Turkey's last hope dies
By Ralph Peters
Friday night’s failed coup was Turkey’s last hope to stop the
Islamization of its government and the degradation of its society.
Reflexively, Western leaders rushed to condemn a coup attempt they refused to
understand. Their reward will be a toxic Islamist regime at the gates of
Europe.
Our leaders no longer do their basic homework.The media relies on
experts-by-Wikipedia. Except for PC platitudes, our schools ignore the world
beyond our shores. Deluged with unreliable information, citizens succumb to the
new superstitions of the digital age.
So a great country is destroyed by Islamist hardliners before our
eyes—and our president praises its “democracy.”
That tragically failed coup was a forlorn hope, not an attempt to take
over a country. Turkey is not a banana republic in which the military grasps
the reins for its own profit. For almost a century, the Turkish armed
forces have been the guardians of the country’s secular constitution. Most
recently, coups in 1960, 1971 and 1980 (with “non-coup” pressure in 1997) saw
the military intervene to prevent the country’s collapse.
Erdogan will use the coup as an
excuse to accelerate the Islamization of his country and to lead Turkey deeper
into the darkness engulfing the Muslim world. His vision is one of a neo-Ottoman
megalomaniac.
Each time, the military returned the government to civilian rule as soon
as that proved practical. My own first experience of Turkey came just
before the 1980 coup. Turkey was broke and broken. The economy was in such a
shambles that you could not buy a cup of Turkish coffee in Istanbul. I walked
because taxis and public transportation had no fuel. Murderous political
violence raged. Reluctantly, the generals stepped in and saved their country.
Friday night, mid-grade officers led a desperate effort to rescue their
country again. They failed. The West cheered. Soon enough, we’ll mourn.
The coup leaders made disastrous mistakes, the worst of which was to
imagine that the absence of President Erdogan from Ankara, the capital,
presented the perfect opportunity. Wrong. In a coup, the key is to
seize the leaders you mean to overthrow (as well as control of the
media). Instead of fleeing into exile, Erdogan was able to return in
triumph.
So who is the man our own president rushed to support because he was
“democratically elected?” Recep Tayyip Erdogan is openly Islamist and
affiliated with the Muslim Brotherhood, which President Obama appears to
believe represents the best hope for the Middle East. But the difference
between ISIS, Al Qaeda and the Muslim Brotherhood isn’t one of purpose, but
merely of manners: Muslim Brothers wash the blood off their hands before
they sit down to dinner with their dupes.

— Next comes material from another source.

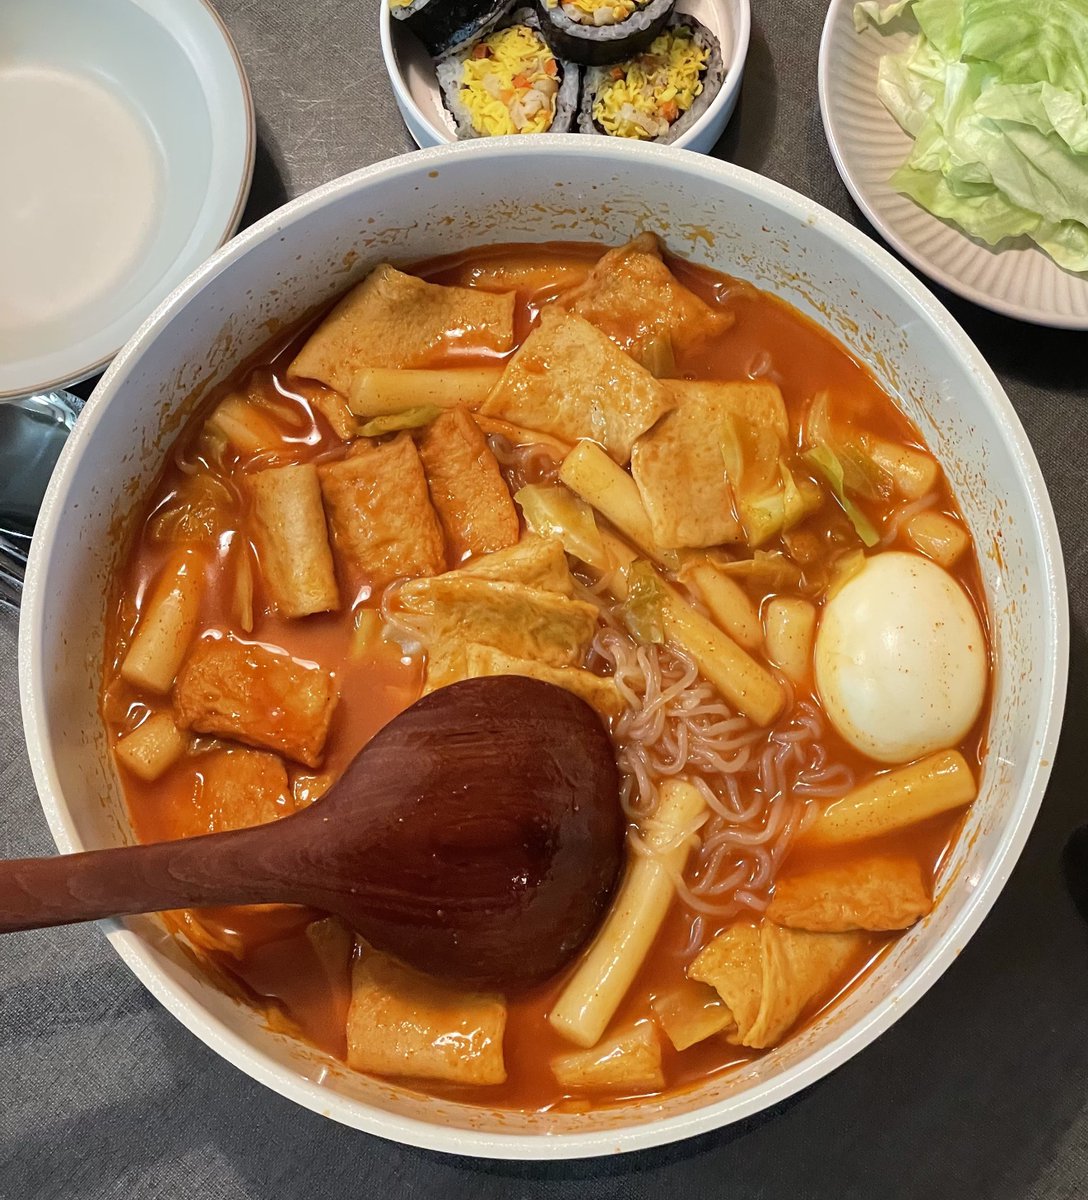 김밥에 떡볶이 국물이 생각나던 날 금미옥 국물떡볶이 꺼내 먹음

With barely a murmured “Tut-tut!” from Western leaders, Erdogan has
dismantled Turkey’s secular constitution (which the military is duty-bound to
protect). His “democracy” resembles Putin’s, not ours. Key
opposition figures have been driven into exile or banned. Opposition
parties have been suppressed. Recent elections have not been held so much
as staged. And Erdogan has torn the fresh scab from the Kurdish wound,
fostering civil war in Turkey’s southeast for his own political advantage.
Erdogan has packed Turkey’s courts with Islamists. He appointed
pliant, pro-Islamist generals and admirals, while staging show trials of those
of whom he wished to rid the country. He has de facto, if not yet de
jure, curtailed women’s freedoms. He dissolved the wall between mosque
and state (Friday night, he used mosques’ loudspeakers to call his supporters
into the streets). Not least, he had long allowed foreign fighters to
transit Turkey to join ISIS and has aggressively backed other extremists whom
he believed he could manage.
And his diplomatic extortion racket has degraded our own military
efforts against ISIS. That’s the man President Obama supports.
And the leaders of the ill-fated coup? What did they stand for?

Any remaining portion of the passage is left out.